[[ Information supplied open ]]

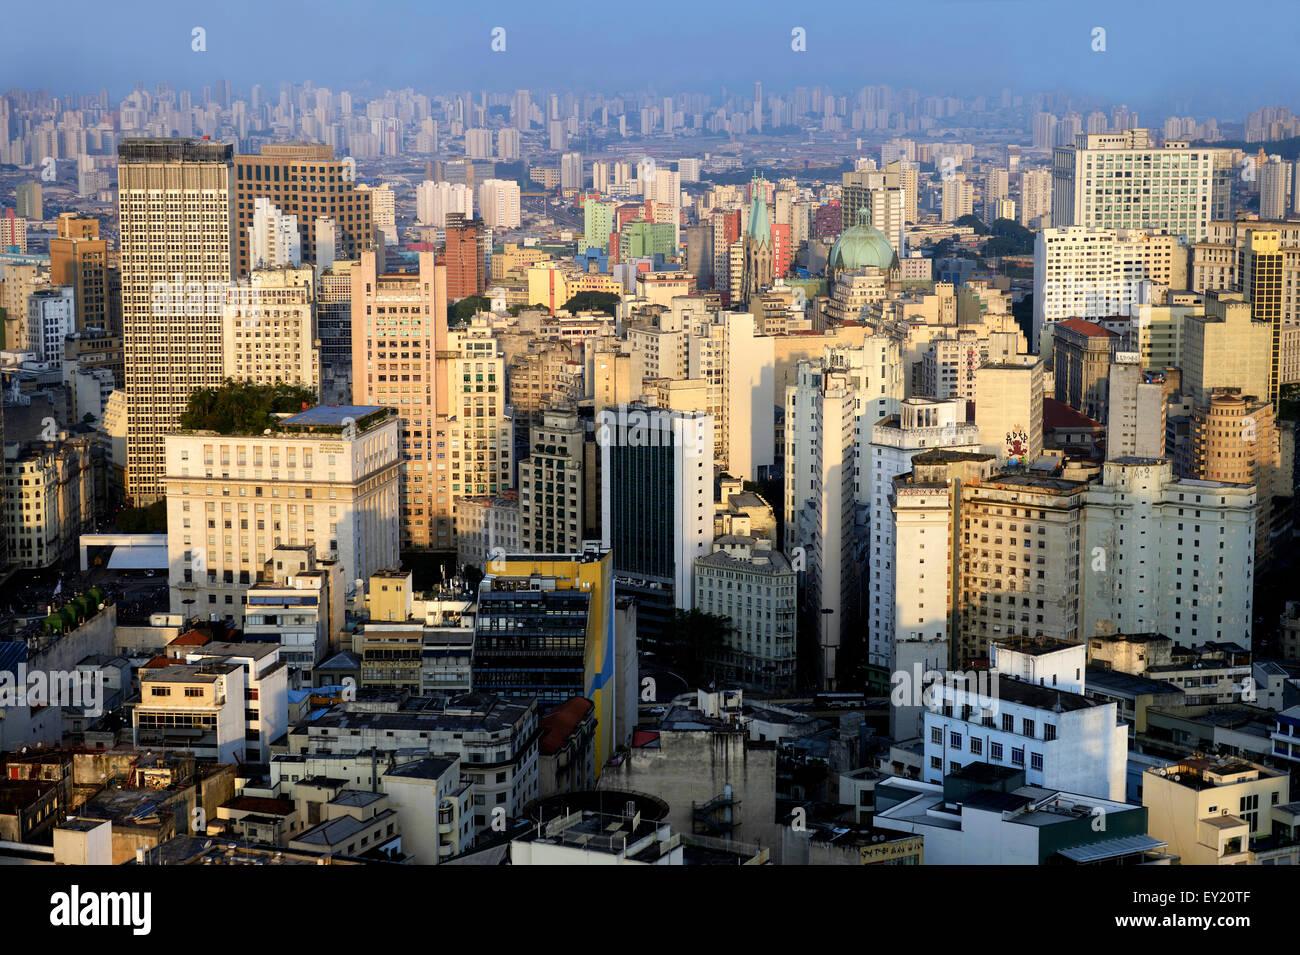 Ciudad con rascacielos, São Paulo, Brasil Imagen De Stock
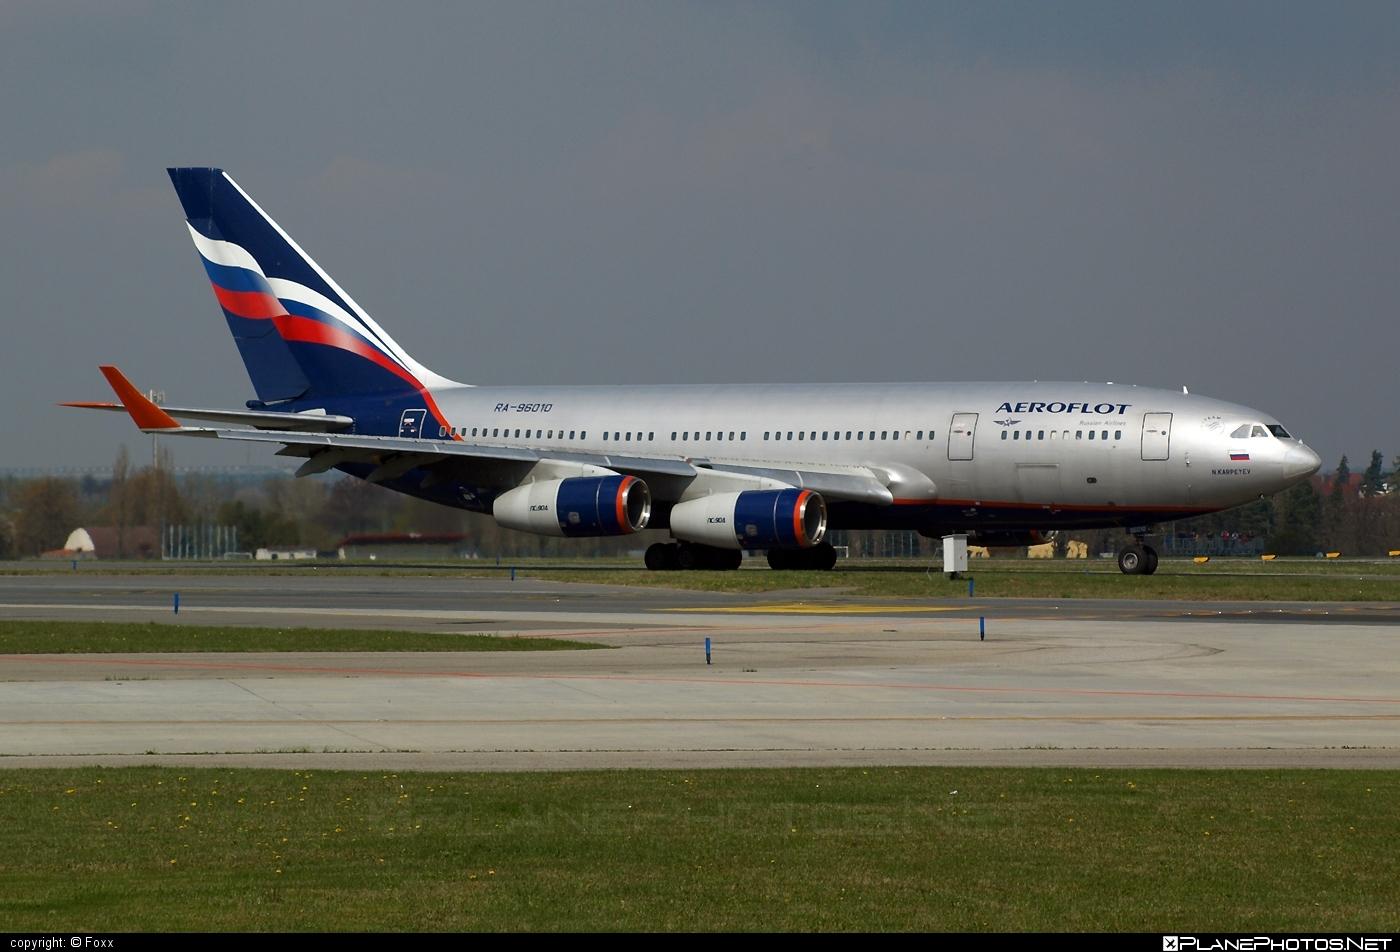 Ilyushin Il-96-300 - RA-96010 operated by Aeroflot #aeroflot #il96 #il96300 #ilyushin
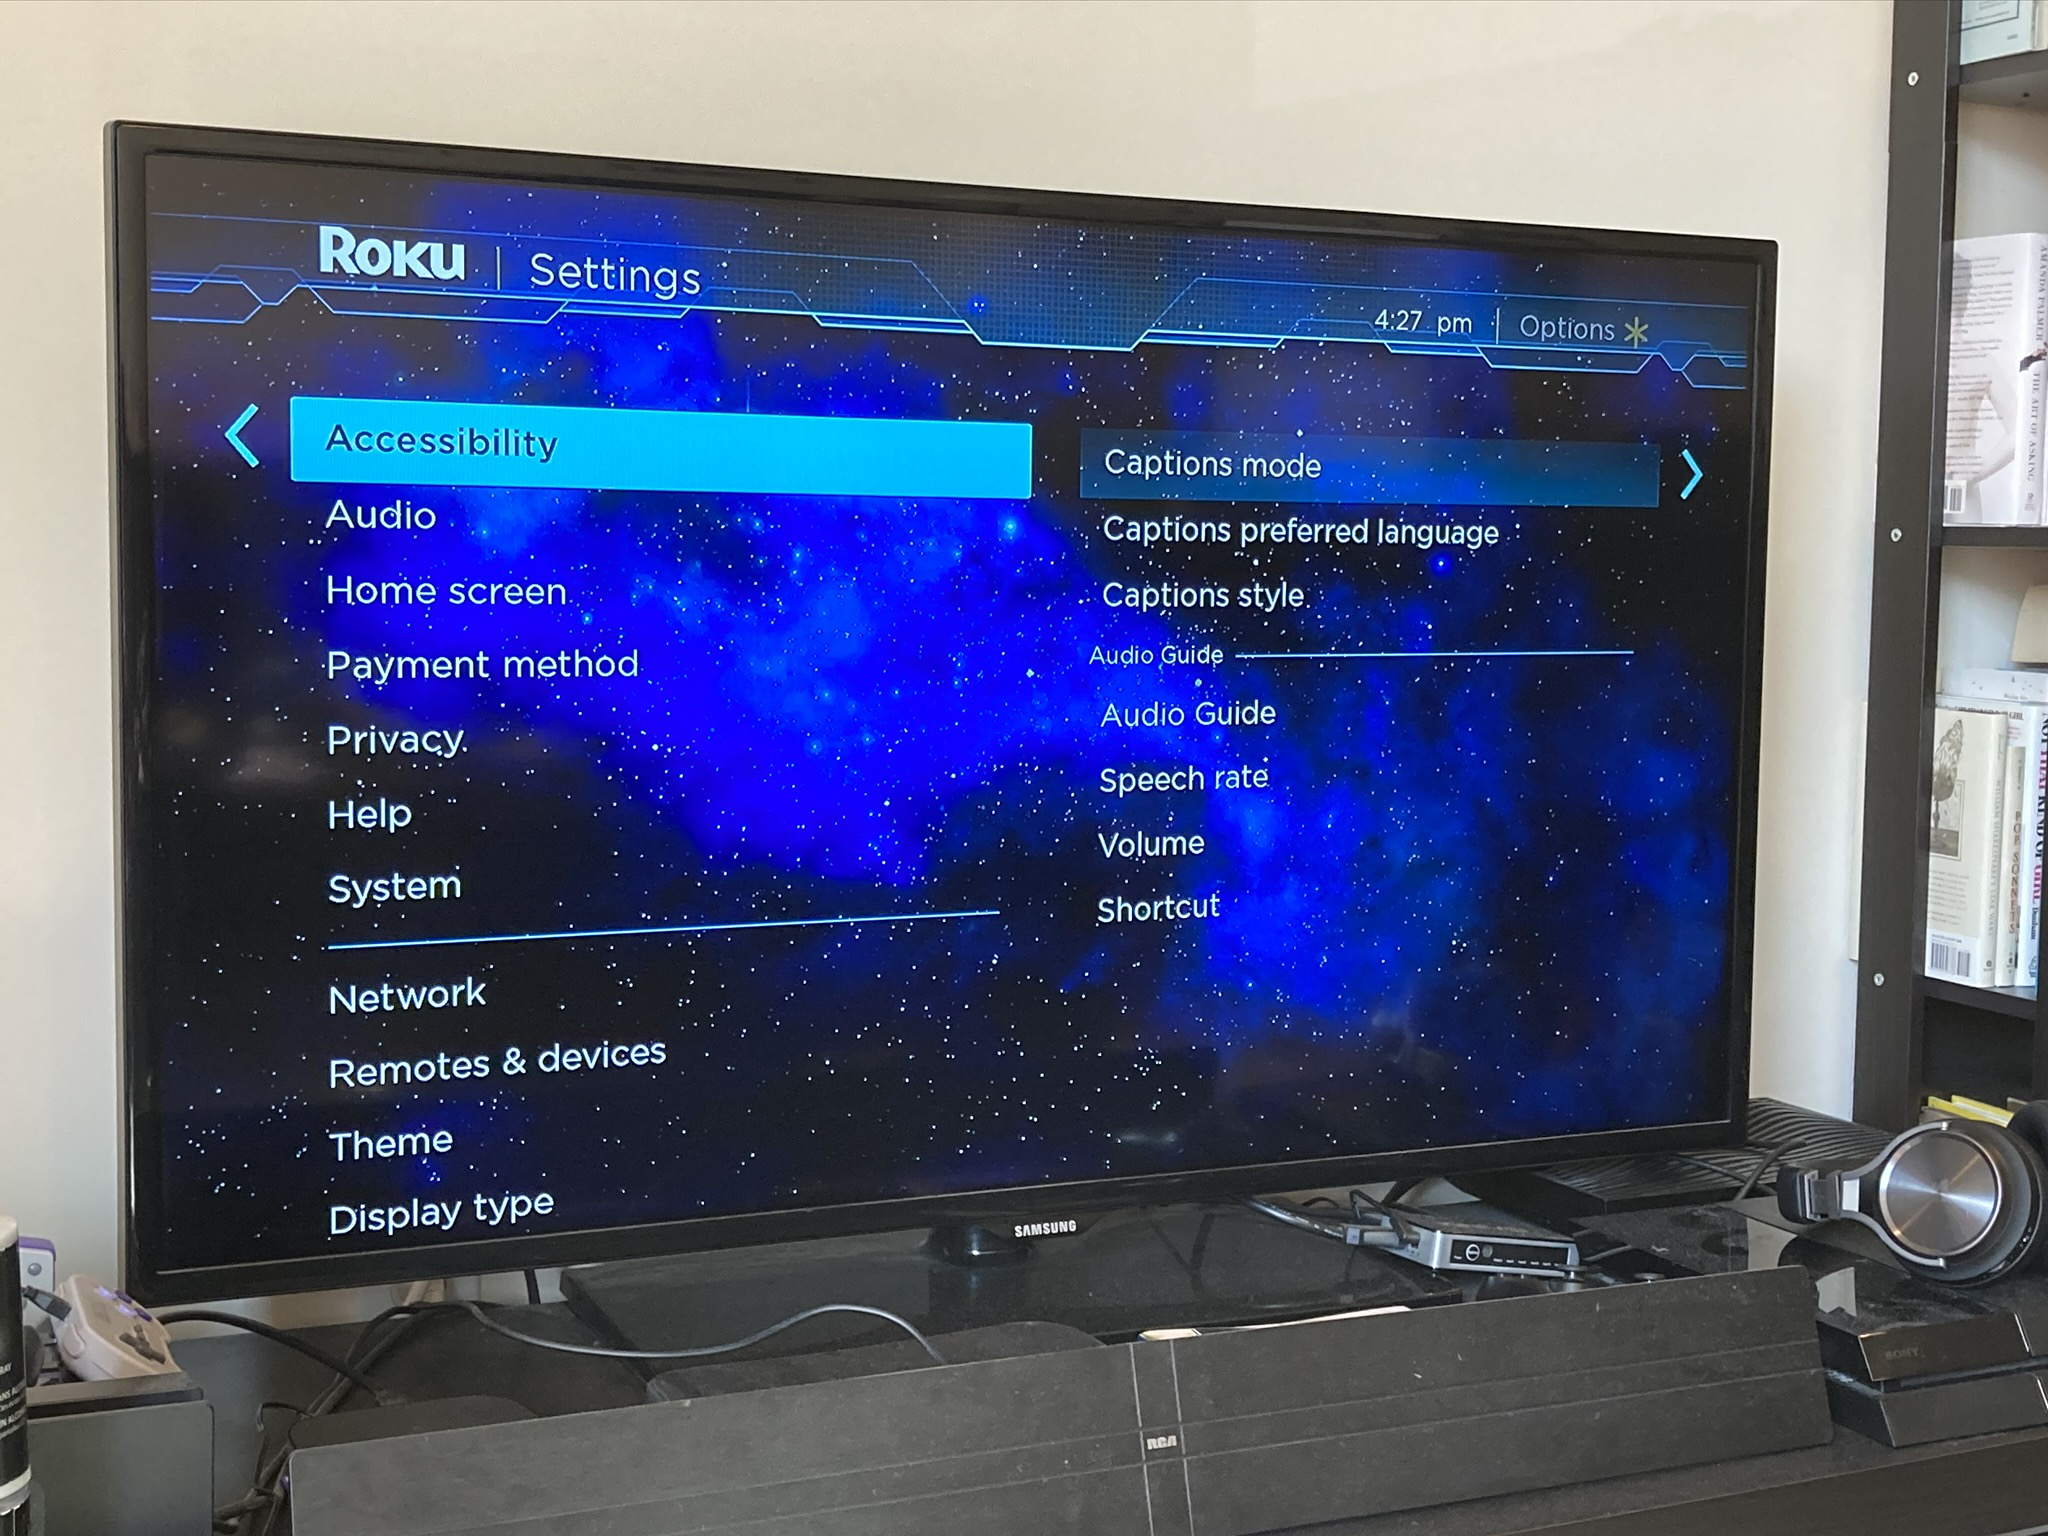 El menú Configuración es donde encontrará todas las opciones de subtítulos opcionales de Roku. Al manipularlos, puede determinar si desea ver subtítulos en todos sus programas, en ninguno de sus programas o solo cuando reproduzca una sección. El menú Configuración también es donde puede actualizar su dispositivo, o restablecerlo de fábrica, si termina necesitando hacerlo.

[[ Information supplied closed ]]

§ **What you should do**: Give the listing above again in its entirety and exactly; do not include the pictures.

§ **Solution for this task**:
 Ciudad con rascacielos, São Paulo, Brasil Imagen De Stock
 Ilyushin Il-96-300 - RA-96010 operated by Aeroflot #aeroflot #il96 #il96300 #ilyushin
 El menú Configuración es donde encontrará todas las opciones de subtítulos opcionales de Roku. Al manipularlos, puede determinar si desea ver subtítulos en todos sus programas, en ninguno de sus programas o solo cuando reproduzca una sección. El menú Configuración también es donde puede actualizar su dispositivo, o restablecerlo de fábrica, si termina necesitando hacerlo.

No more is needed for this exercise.